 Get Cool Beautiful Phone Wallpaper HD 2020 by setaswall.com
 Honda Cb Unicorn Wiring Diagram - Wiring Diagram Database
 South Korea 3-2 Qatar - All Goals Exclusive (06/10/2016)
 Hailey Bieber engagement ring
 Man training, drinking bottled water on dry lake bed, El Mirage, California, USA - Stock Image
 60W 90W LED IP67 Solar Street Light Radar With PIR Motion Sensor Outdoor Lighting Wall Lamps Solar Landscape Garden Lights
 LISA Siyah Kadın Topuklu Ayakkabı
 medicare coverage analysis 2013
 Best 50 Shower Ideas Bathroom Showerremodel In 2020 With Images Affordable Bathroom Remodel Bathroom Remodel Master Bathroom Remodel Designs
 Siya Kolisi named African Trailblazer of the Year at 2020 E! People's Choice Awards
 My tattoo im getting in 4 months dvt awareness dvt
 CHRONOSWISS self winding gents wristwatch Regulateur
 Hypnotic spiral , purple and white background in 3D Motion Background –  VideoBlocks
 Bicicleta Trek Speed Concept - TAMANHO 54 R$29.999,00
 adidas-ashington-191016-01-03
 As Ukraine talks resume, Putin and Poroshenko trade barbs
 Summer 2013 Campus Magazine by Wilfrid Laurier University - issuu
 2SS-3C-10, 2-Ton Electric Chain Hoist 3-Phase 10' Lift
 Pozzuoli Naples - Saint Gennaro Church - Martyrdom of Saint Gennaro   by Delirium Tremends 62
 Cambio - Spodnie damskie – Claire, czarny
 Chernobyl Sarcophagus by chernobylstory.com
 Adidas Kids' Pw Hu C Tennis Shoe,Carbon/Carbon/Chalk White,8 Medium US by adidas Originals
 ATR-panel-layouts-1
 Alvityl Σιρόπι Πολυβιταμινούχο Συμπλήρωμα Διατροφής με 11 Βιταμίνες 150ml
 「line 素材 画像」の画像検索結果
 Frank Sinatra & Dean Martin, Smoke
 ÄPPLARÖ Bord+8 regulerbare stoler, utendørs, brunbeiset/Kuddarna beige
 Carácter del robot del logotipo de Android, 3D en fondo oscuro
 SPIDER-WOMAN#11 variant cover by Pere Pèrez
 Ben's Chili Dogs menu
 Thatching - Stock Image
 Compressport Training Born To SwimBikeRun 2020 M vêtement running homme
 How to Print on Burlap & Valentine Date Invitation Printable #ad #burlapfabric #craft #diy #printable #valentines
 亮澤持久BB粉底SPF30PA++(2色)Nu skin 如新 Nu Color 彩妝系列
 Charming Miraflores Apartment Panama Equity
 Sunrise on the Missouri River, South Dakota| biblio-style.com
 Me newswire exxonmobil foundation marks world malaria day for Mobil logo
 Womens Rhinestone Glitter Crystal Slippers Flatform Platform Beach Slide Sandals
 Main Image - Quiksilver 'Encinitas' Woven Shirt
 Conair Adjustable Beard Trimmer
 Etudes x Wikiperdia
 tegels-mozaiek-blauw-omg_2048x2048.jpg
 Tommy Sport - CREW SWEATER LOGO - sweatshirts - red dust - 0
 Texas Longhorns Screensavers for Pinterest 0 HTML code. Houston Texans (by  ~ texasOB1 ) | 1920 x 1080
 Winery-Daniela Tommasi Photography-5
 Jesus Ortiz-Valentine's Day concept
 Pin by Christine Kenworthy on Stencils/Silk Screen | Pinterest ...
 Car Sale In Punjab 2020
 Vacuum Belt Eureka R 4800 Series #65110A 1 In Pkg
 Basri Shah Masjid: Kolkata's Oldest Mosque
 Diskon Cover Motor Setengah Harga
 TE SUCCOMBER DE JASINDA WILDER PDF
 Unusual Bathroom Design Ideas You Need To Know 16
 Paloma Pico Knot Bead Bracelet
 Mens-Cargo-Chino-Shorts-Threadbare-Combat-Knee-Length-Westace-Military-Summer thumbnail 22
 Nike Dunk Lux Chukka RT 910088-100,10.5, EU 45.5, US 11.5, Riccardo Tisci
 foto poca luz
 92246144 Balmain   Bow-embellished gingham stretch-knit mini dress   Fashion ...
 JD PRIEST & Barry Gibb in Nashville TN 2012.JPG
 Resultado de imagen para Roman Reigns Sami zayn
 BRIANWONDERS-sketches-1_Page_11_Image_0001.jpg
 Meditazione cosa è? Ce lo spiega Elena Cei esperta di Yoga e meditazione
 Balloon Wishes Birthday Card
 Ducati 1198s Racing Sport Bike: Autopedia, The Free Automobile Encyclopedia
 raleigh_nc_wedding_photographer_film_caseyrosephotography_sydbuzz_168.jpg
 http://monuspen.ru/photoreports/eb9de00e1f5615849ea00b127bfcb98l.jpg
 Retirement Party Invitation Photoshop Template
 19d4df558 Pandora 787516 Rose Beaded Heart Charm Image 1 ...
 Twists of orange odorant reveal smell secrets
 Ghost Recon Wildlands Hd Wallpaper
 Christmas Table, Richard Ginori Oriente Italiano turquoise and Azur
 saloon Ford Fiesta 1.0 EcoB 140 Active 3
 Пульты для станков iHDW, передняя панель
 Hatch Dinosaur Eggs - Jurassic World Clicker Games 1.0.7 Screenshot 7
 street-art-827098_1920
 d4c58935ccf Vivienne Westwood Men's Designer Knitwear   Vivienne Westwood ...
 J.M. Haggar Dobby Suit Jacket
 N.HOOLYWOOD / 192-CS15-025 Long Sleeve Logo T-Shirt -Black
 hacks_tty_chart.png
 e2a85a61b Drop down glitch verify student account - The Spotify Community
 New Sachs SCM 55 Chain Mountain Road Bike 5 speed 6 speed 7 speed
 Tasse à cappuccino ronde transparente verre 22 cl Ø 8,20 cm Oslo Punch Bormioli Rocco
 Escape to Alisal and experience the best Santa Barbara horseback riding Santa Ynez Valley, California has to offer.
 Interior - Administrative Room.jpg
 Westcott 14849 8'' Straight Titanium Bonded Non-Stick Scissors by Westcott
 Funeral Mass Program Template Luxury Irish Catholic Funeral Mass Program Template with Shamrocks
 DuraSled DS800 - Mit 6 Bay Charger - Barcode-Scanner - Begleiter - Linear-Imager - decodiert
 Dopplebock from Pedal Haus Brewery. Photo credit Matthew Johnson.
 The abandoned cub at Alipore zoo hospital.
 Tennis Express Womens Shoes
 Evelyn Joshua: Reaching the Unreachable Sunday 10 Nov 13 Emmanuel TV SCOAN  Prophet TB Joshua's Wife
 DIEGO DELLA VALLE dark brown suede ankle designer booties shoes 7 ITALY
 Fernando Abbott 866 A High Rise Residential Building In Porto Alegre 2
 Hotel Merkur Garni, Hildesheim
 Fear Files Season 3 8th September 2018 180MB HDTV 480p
***
◆ **The problem**: Find, please, how many lines in the data include the word "Invitation", and put down that number only.

◆ **The answer**: 2